From the material below, copy exactly the lines beginning with the one that contains "Movie Review The" and ending with the one that contains "The blueprints cars"; the pictures stay out.

▸ **Data listing**
=== Begin Enclosure ===

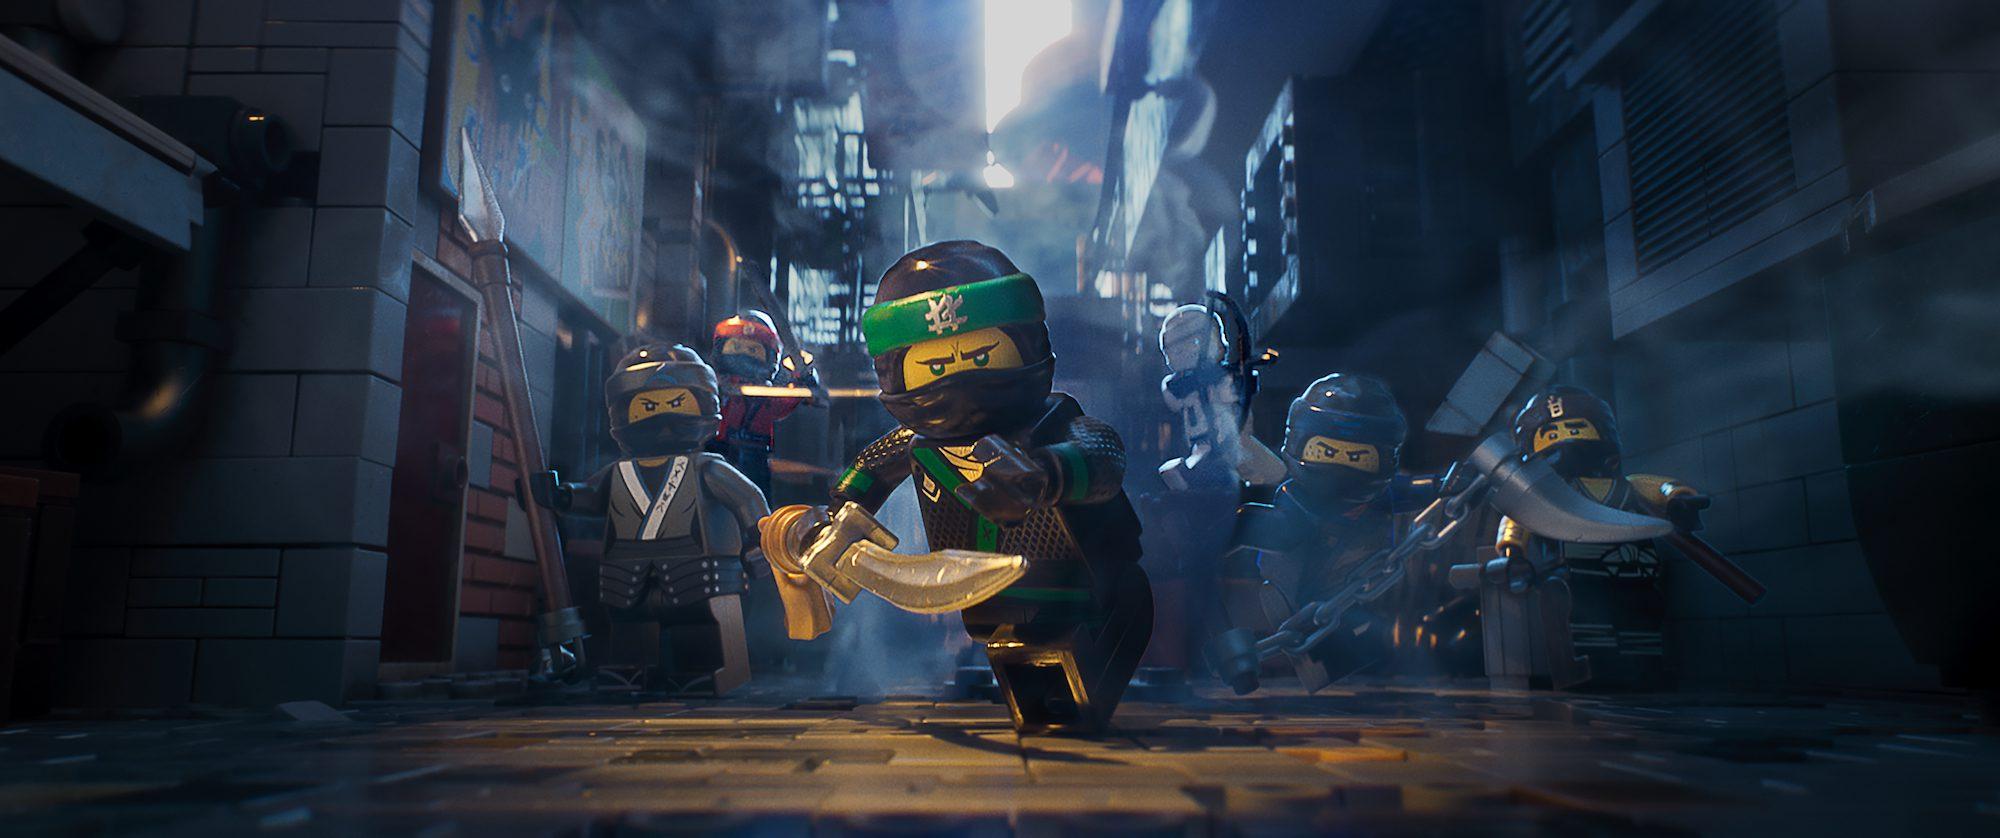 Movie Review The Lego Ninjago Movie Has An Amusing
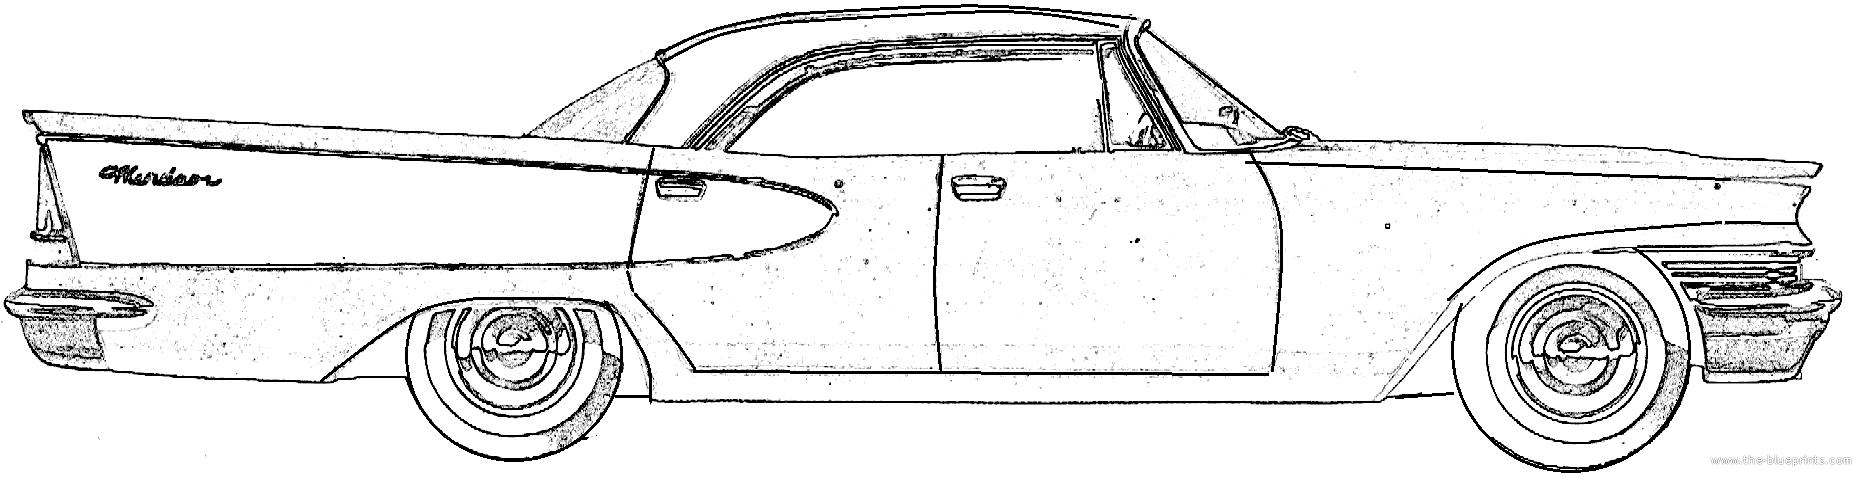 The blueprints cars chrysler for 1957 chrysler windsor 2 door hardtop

=== End Enclosure ===
=== Begin Enclosure ===

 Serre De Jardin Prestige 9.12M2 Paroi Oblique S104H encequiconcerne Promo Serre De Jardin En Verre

=== End Enclosure ===

▸ **Answer area**
 Movie Review The Lego Ninjago Movie Has An Amusing
 The blueprints cars chrysler for 1957 chrysler windsor 2 door hardtop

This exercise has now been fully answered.